EXERCISE REQUIREMENTS:
Write the data out again exactly, with every picture removed.
(Beginning of DATA SEGMENT)
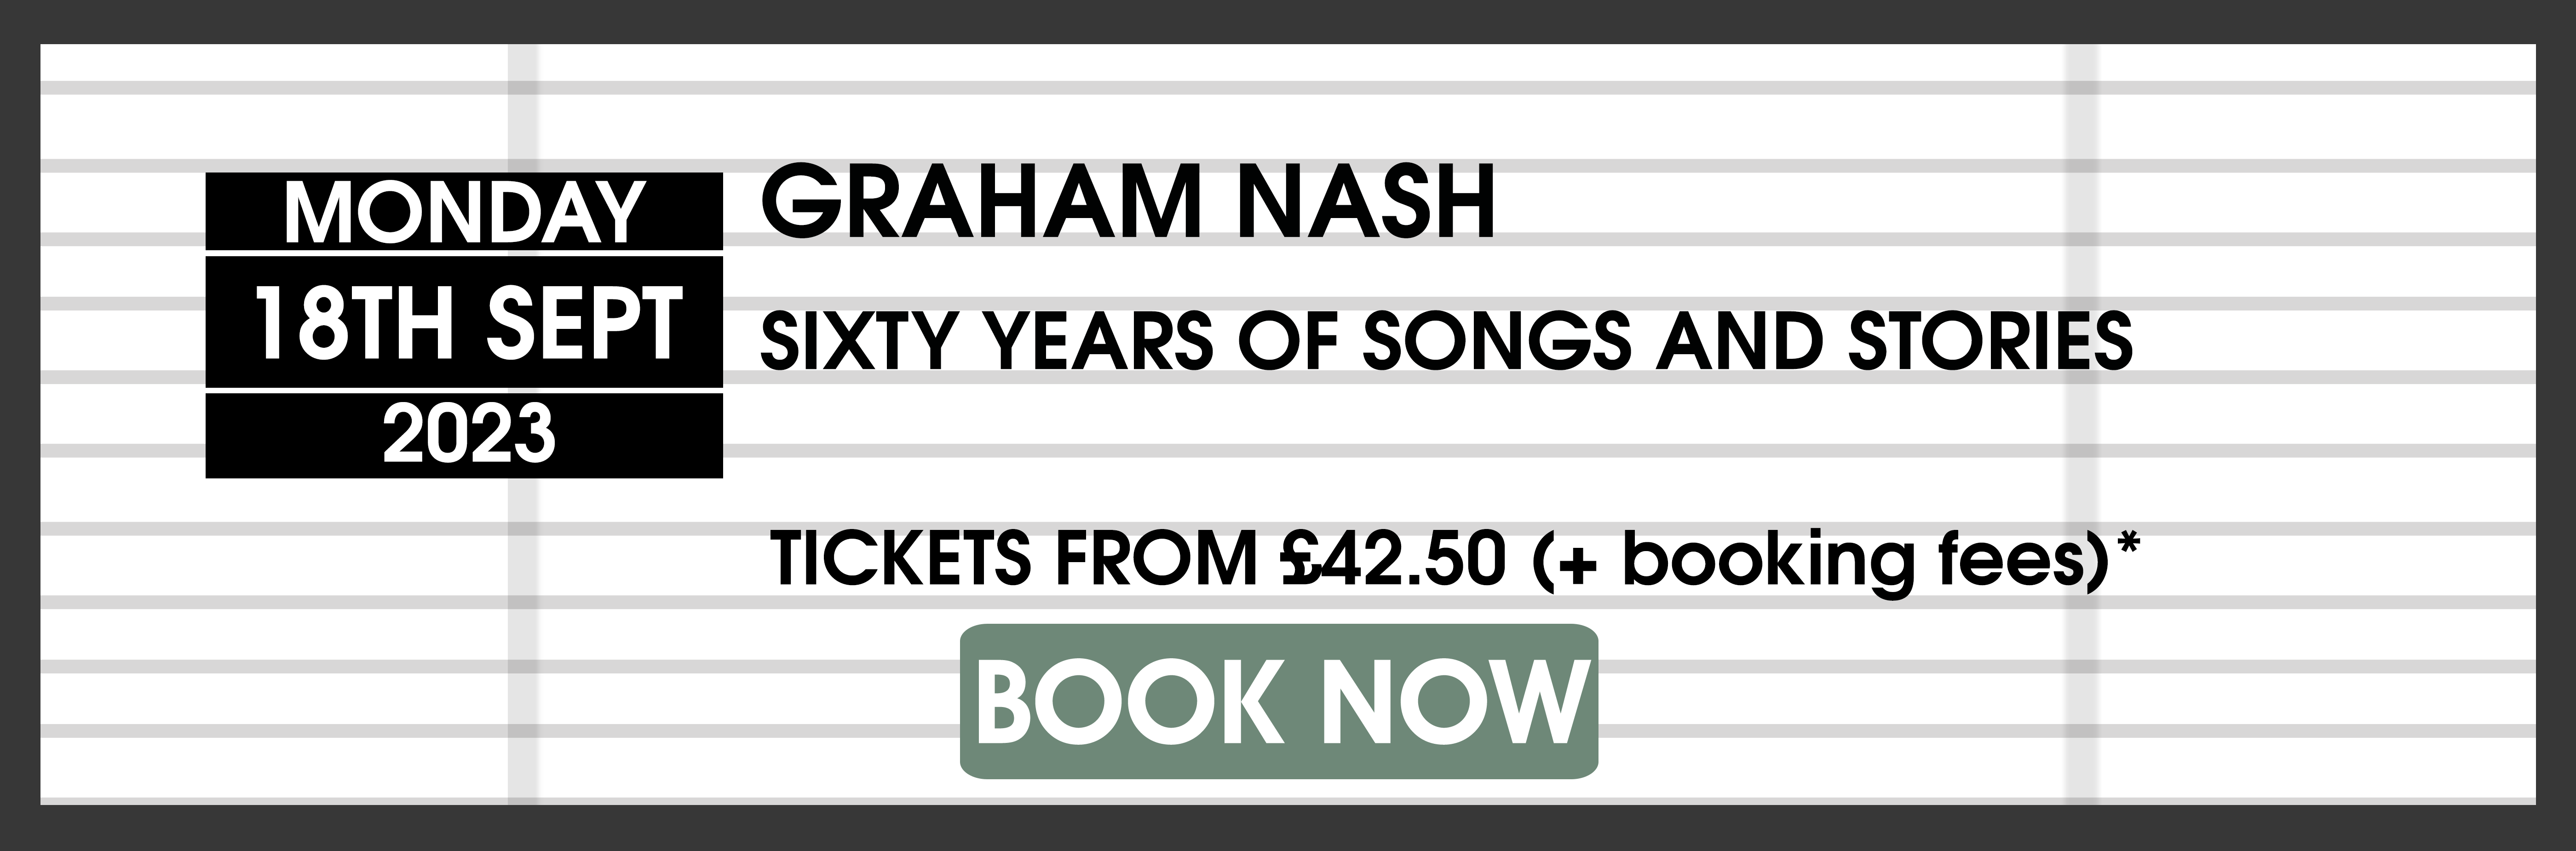 23.09.18 Graham Nash BOOK NOW
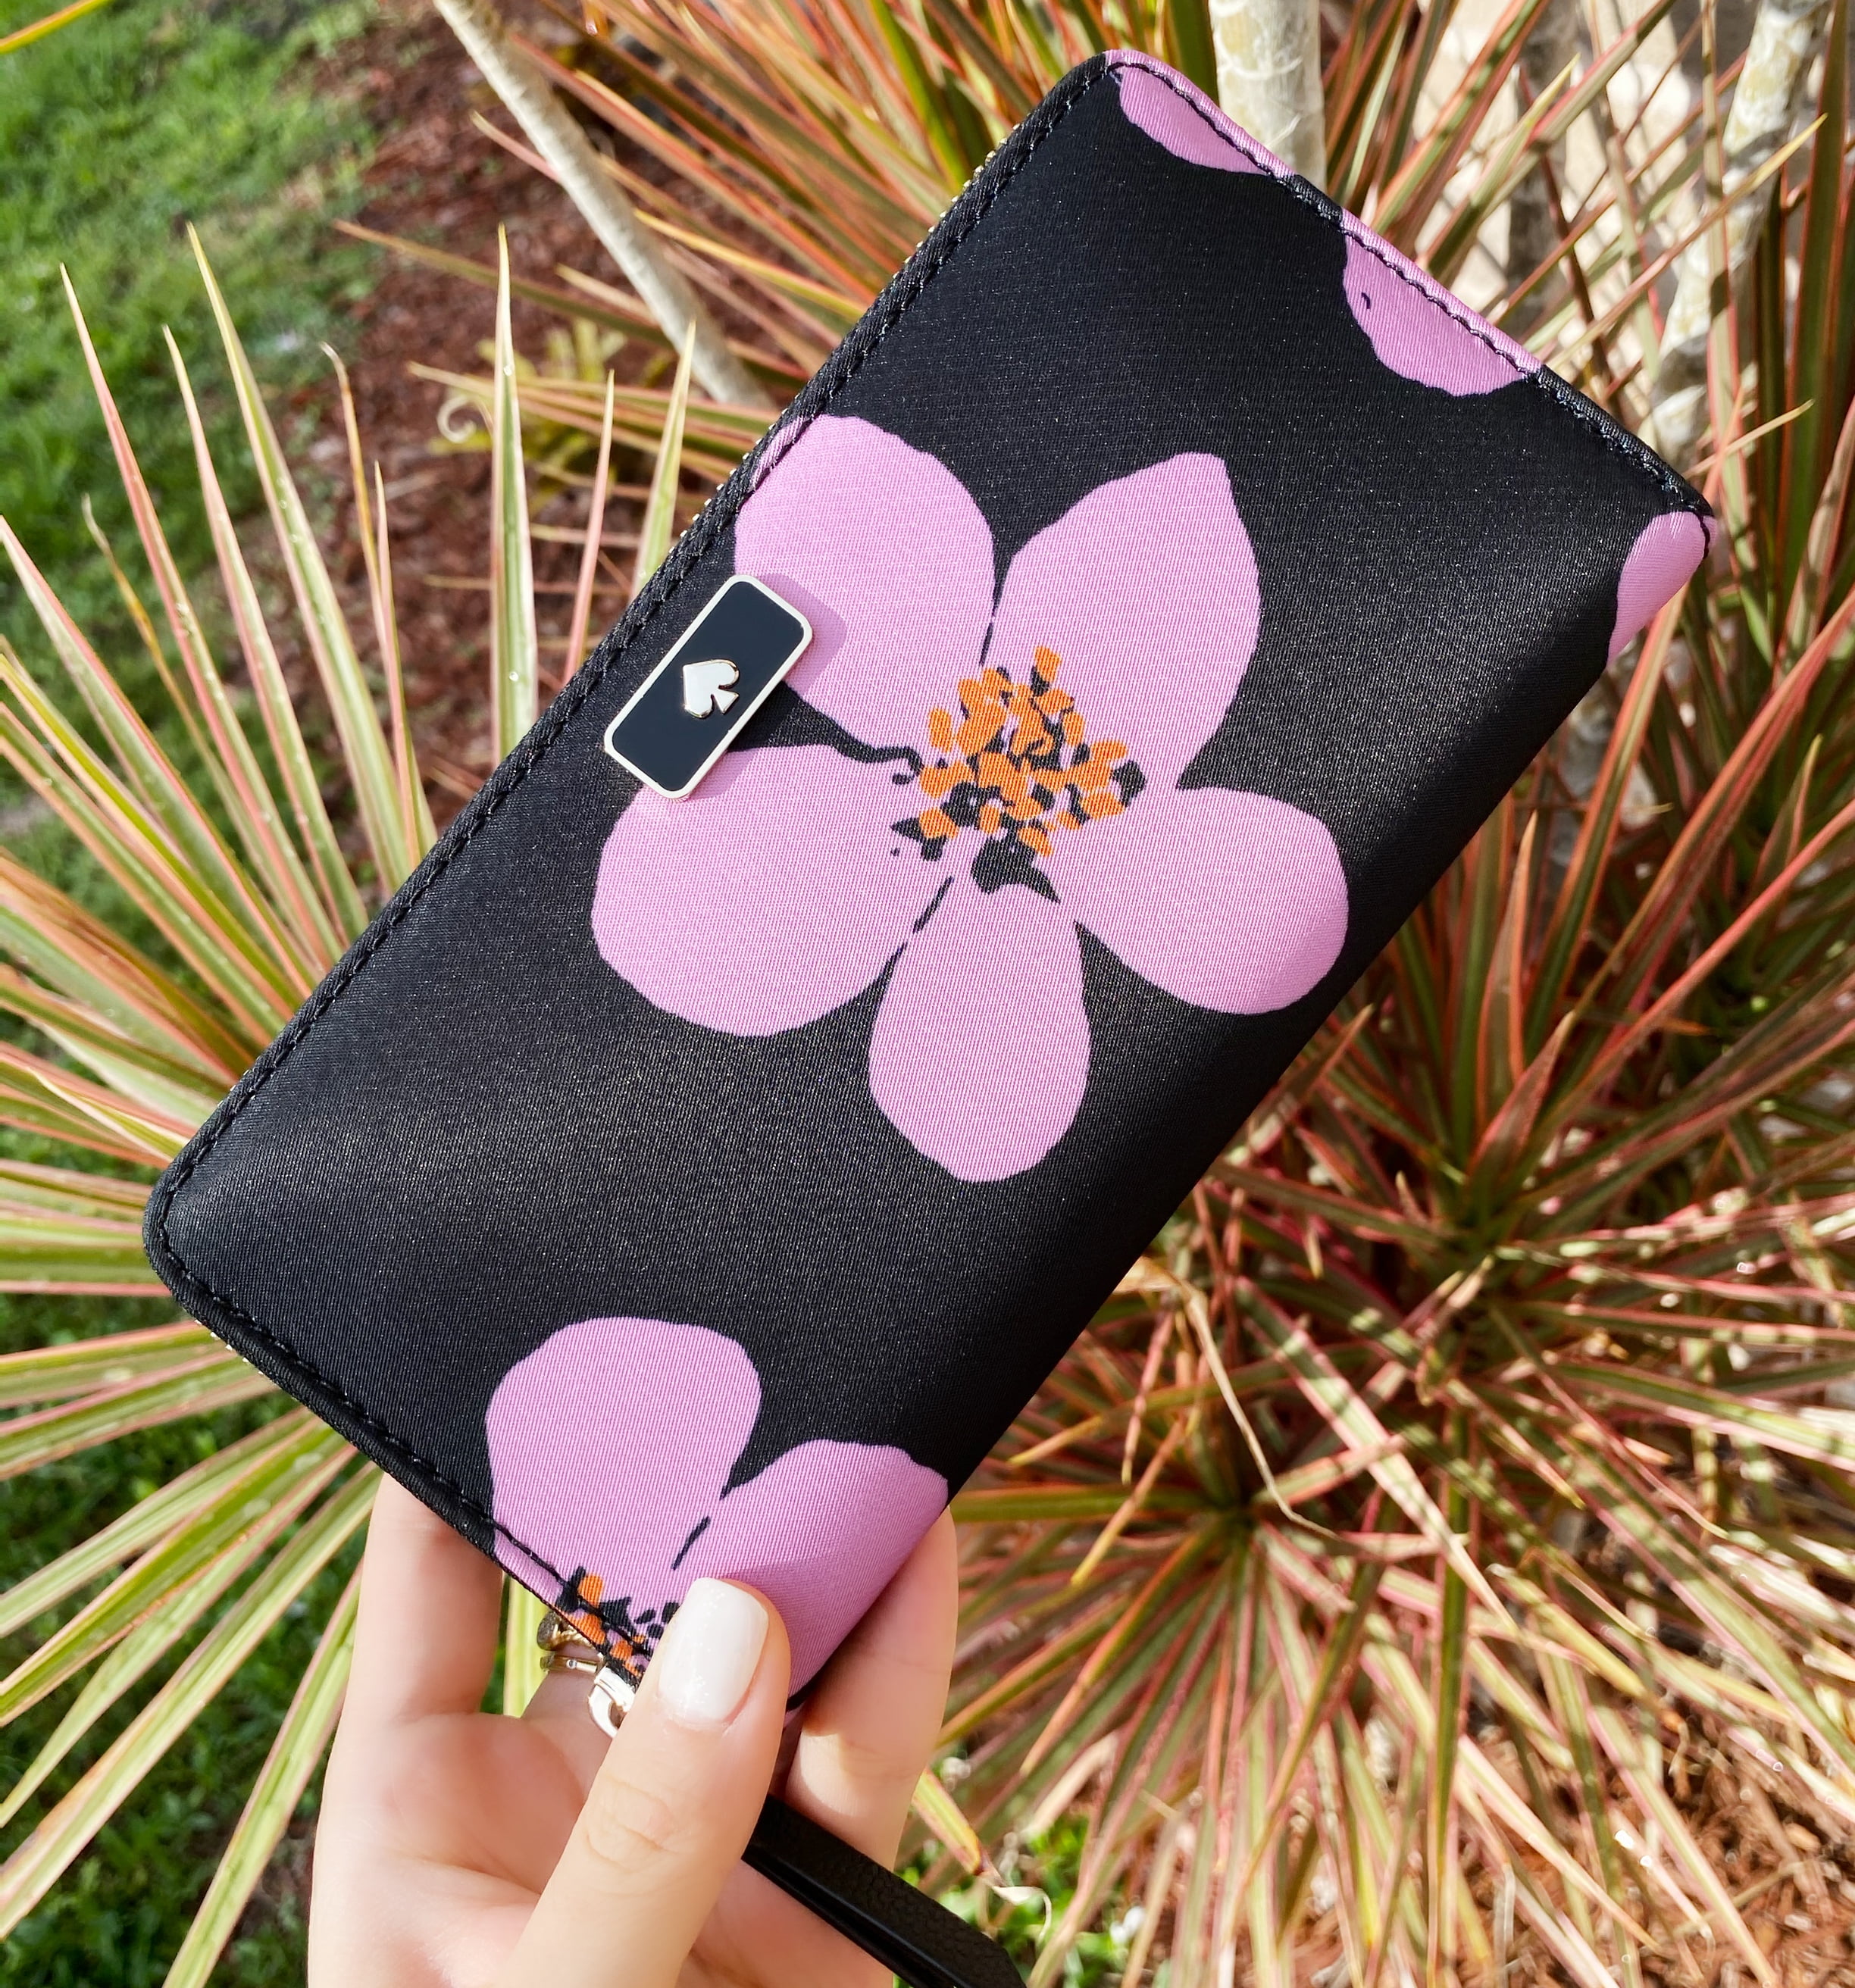 Kate Spade Dawn Grand Flora Neda Zip Around Continental Wallet Black Pink  Floral
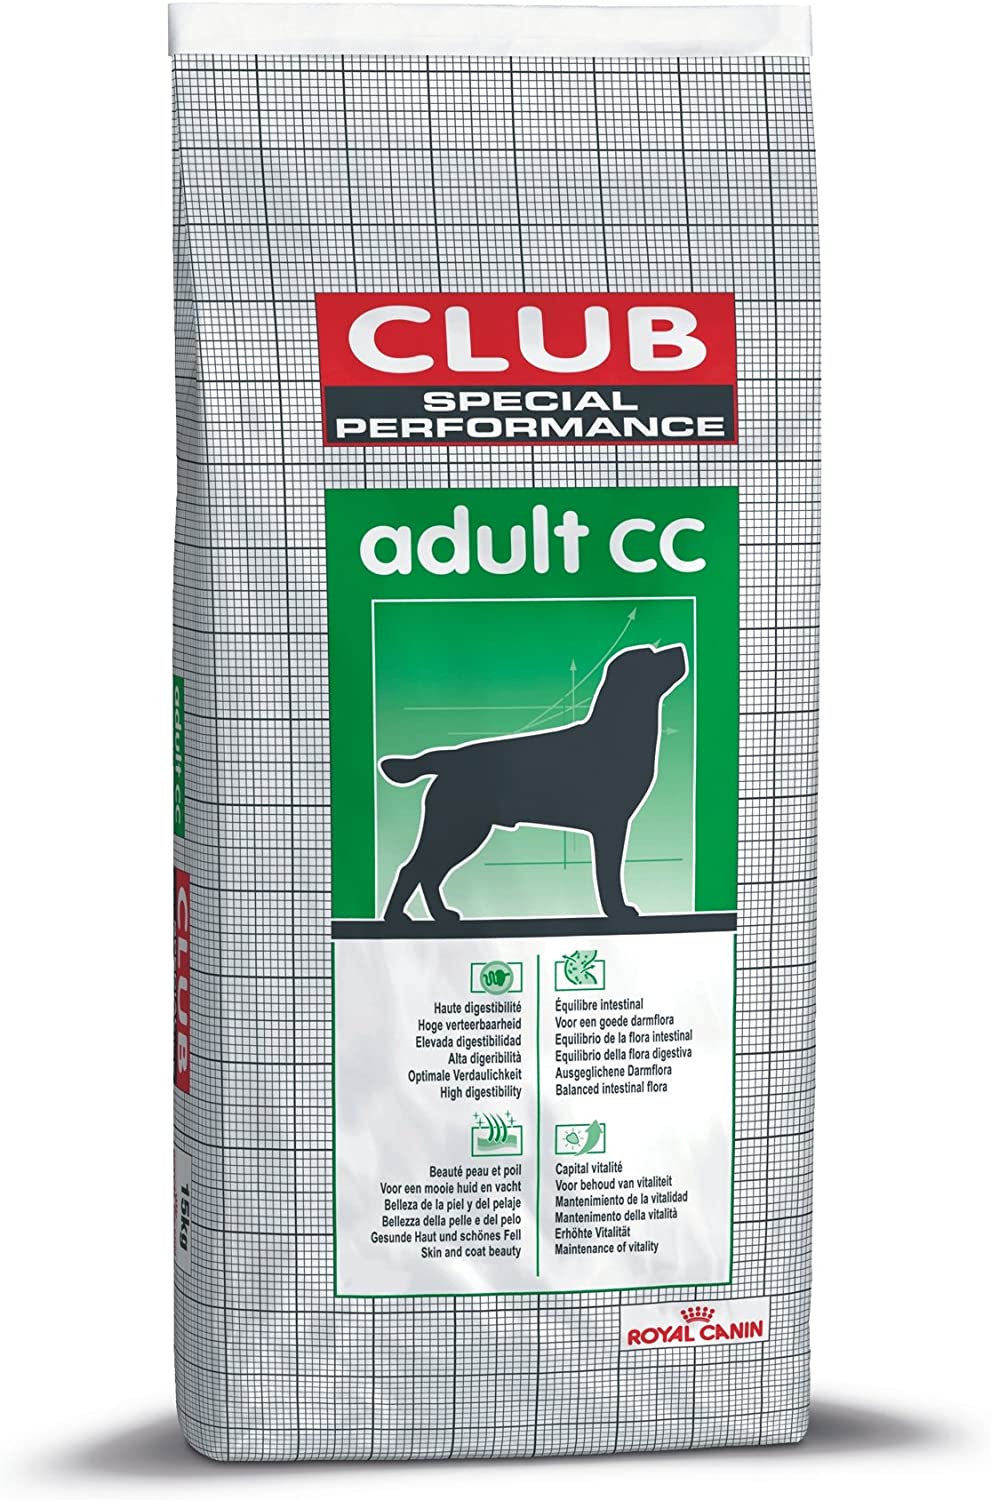  ROYAL CANIN Special Club Performance Adult CC - 15000 gr
(End of DATA SEGMENT)
ANSWER FOR THIS EXERCISE:
 23.09.18 Graham Nash BOOK NOW
 Kate Spade Dawn Grand Flora Neda Zip Around Continental Wallet Black Pink  Floral
  ROYAL CANIN Special Club Performance Adult CC - 15000 gr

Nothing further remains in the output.